EXERCISE >> An exact copy is needed of the lines in the entries below from the line with "Max Verstappen in F1" up to and including the line with "ジョシュア・ヴィーダスの世界", and of nothing else. Leave the pictures out.

MATERIAL PROVIDED >>
--- START ---

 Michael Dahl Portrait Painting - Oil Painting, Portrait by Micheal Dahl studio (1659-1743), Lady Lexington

--- END ---
--- START ---

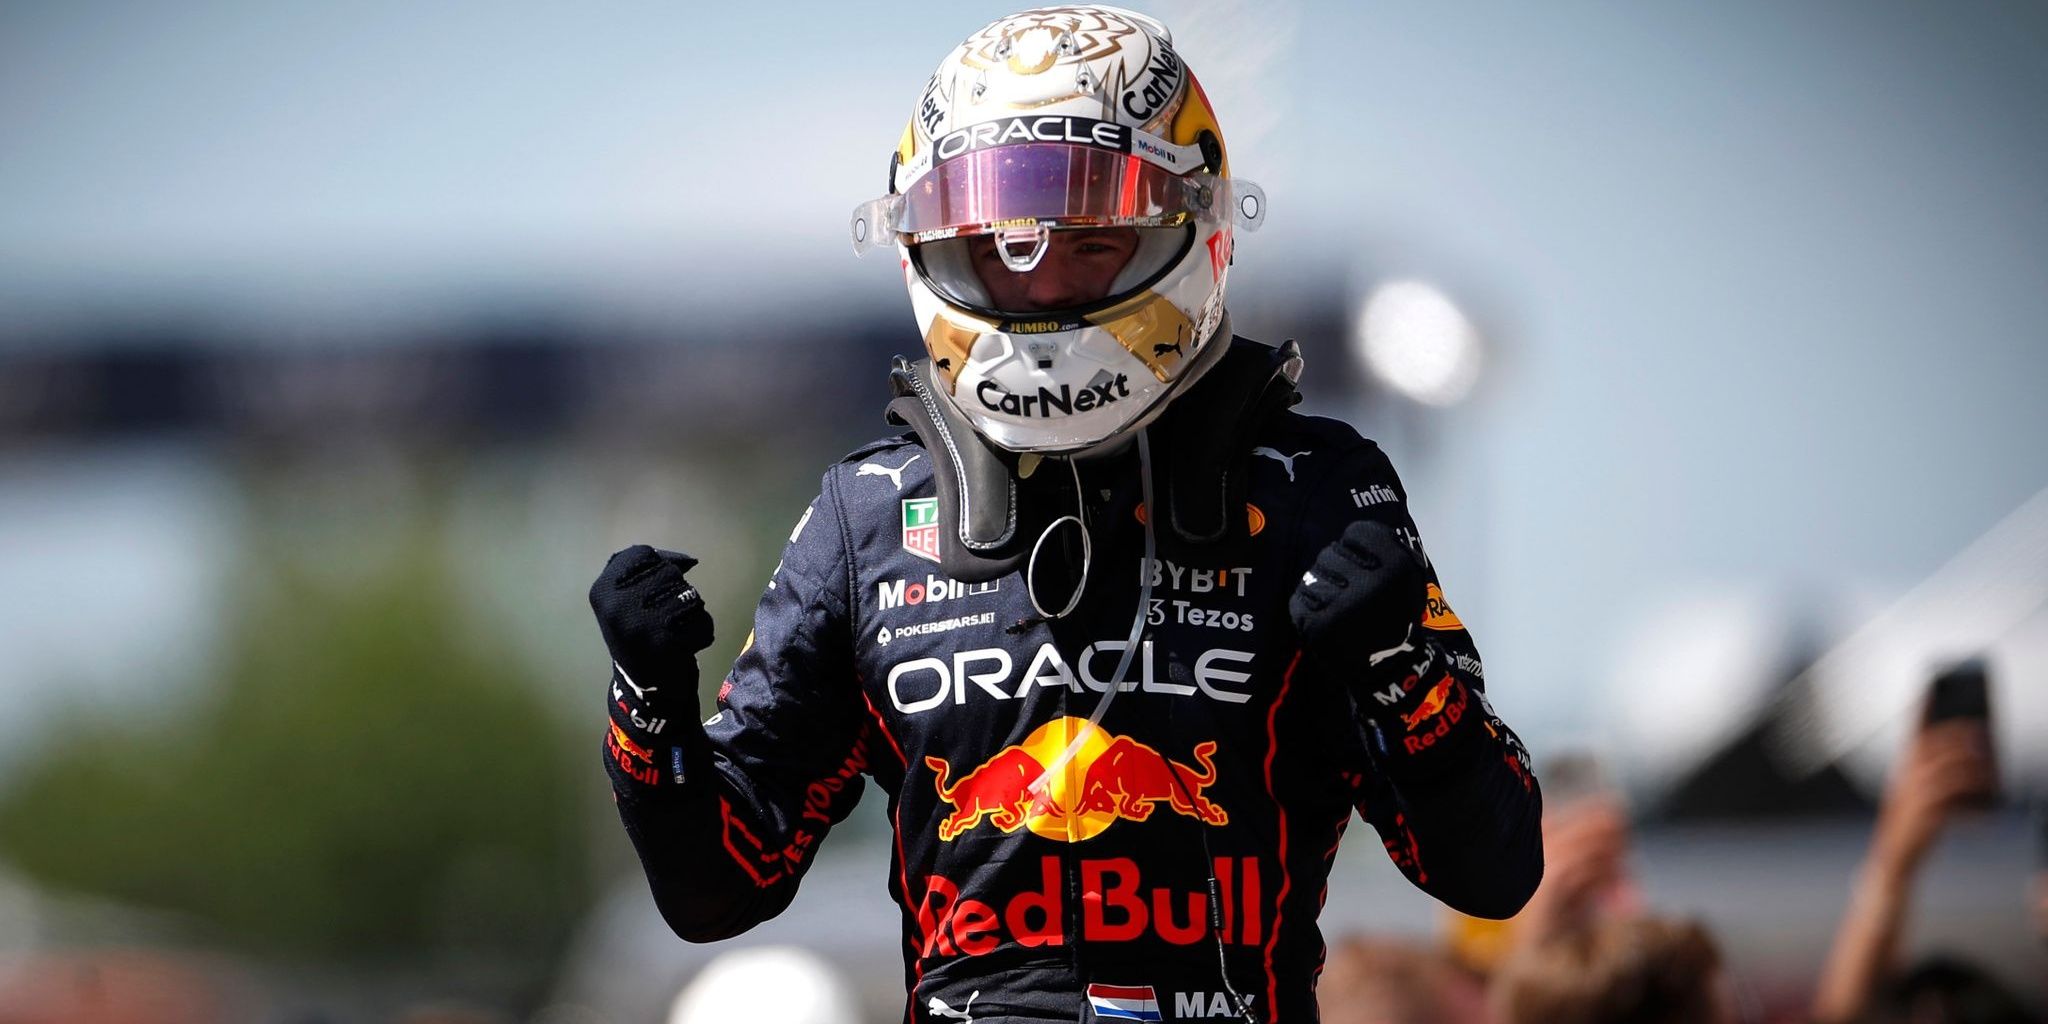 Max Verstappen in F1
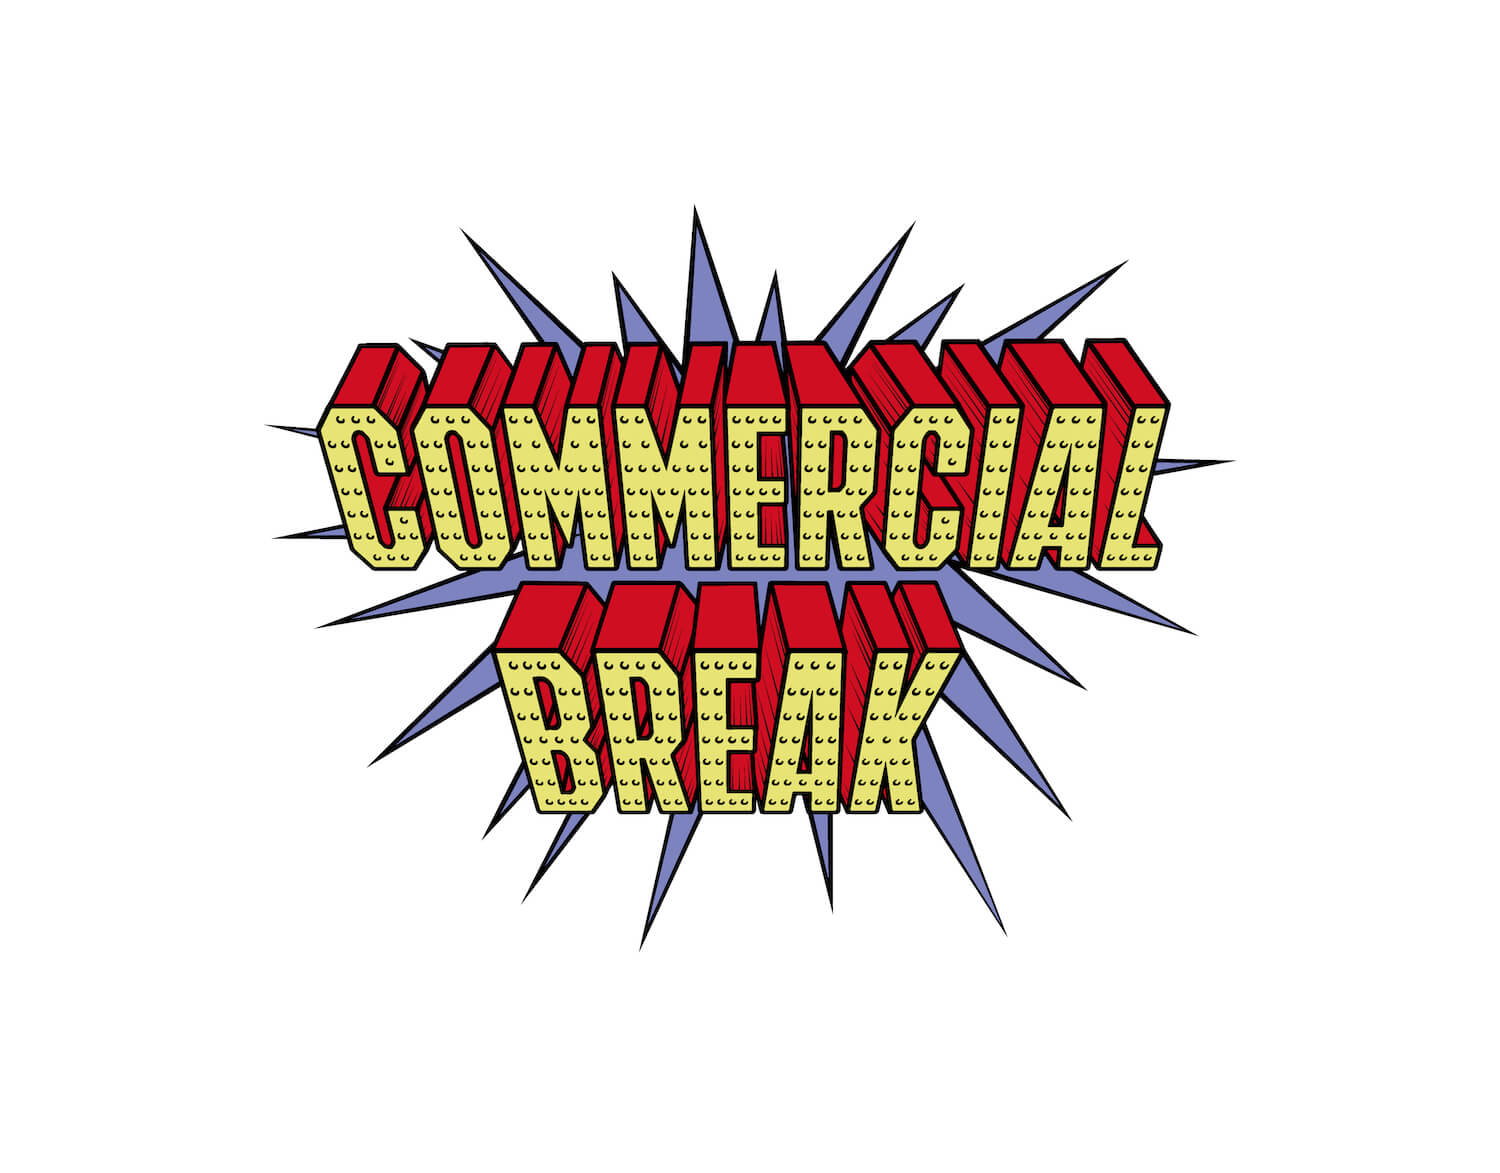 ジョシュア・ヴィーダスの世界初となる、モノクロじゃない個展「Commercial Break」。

--- END ---

RESPONSE TO THIS TASK >>
 Max Verstappen in F1
 ジョシュア・ヴィーダスの世界初となる、モノクロじゃない個展「Commercial Break」。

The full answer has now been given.